Chemical proteome mining to fight multiresistant bacteria

Multiresistant bacterial pathogens such as Methicillin-resistant Staphylococcus aureus (MRSA) are responsible for a variety of severe infections that pose a significant threat to global health. To approach this challenge new chemical entities with an unprecedented mode of action are desperately needed. This presentation will cover our latest efforts to identify new anti-bacterial targets and corresponding chemical inhibitors. A proteome mining approach will be presented to identify cofactor-dependent enzymes as novel antibiotic targets. Small molecule cofactor mimics infiltrate the bacterial metabolic machinery leading to their incorporation in PLP-dependent enzymes. Their analysis via mass-spectrometry revealed the function of uncharacterized proteins in important bacterial pathways as well as the mechanism of action of known antibiotics.

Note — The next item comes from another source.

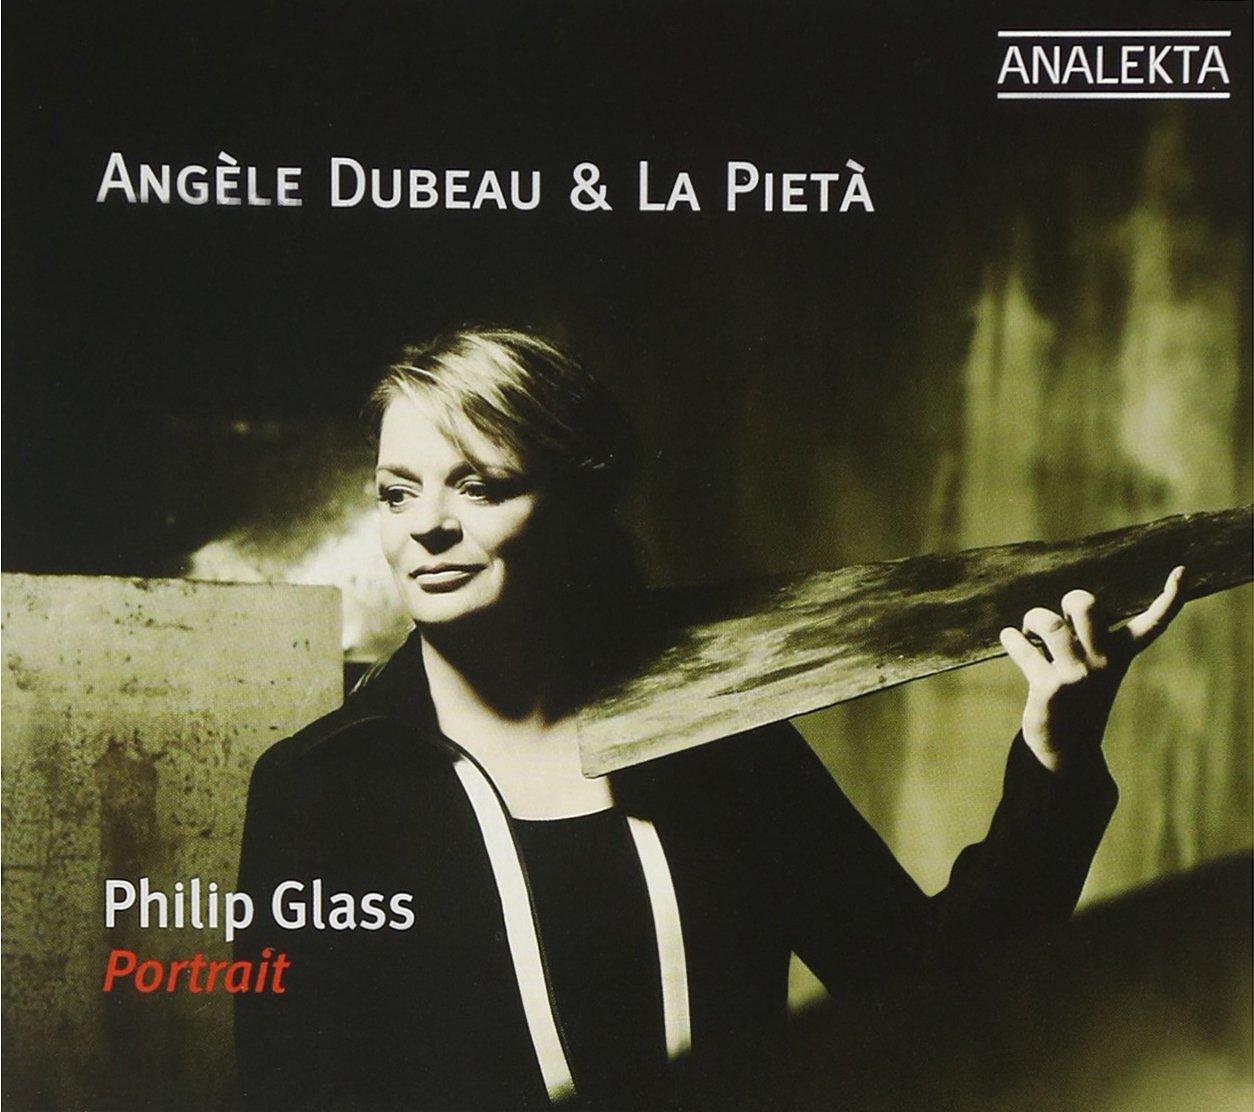 Philip Glass : Portrait Angèle Dubeau La pièta Various Analekta

In a separate approach we identified a new compound class that effectively kills MRSA strains. Chemical synthesis of improved derivatives led to the identification of an active molecule with nanomolar potency and suitable metabolic stability. Its mode of action was investigated by affinity based protein profiling (AfBPP). The compound stimulates a signal peptidase correlating with enhanced secretion of extracellular proteins. These included essential cell-wall remodeling enzymes whose dysregulation likely explains the associated antibiotic effects. Strikingly, the compound turned out to be a promising therapeutic candidate as it did not induce in vitro resistance, exhibited optimal per oral bioavailibility and in vivo efficacy in a mouse infection model.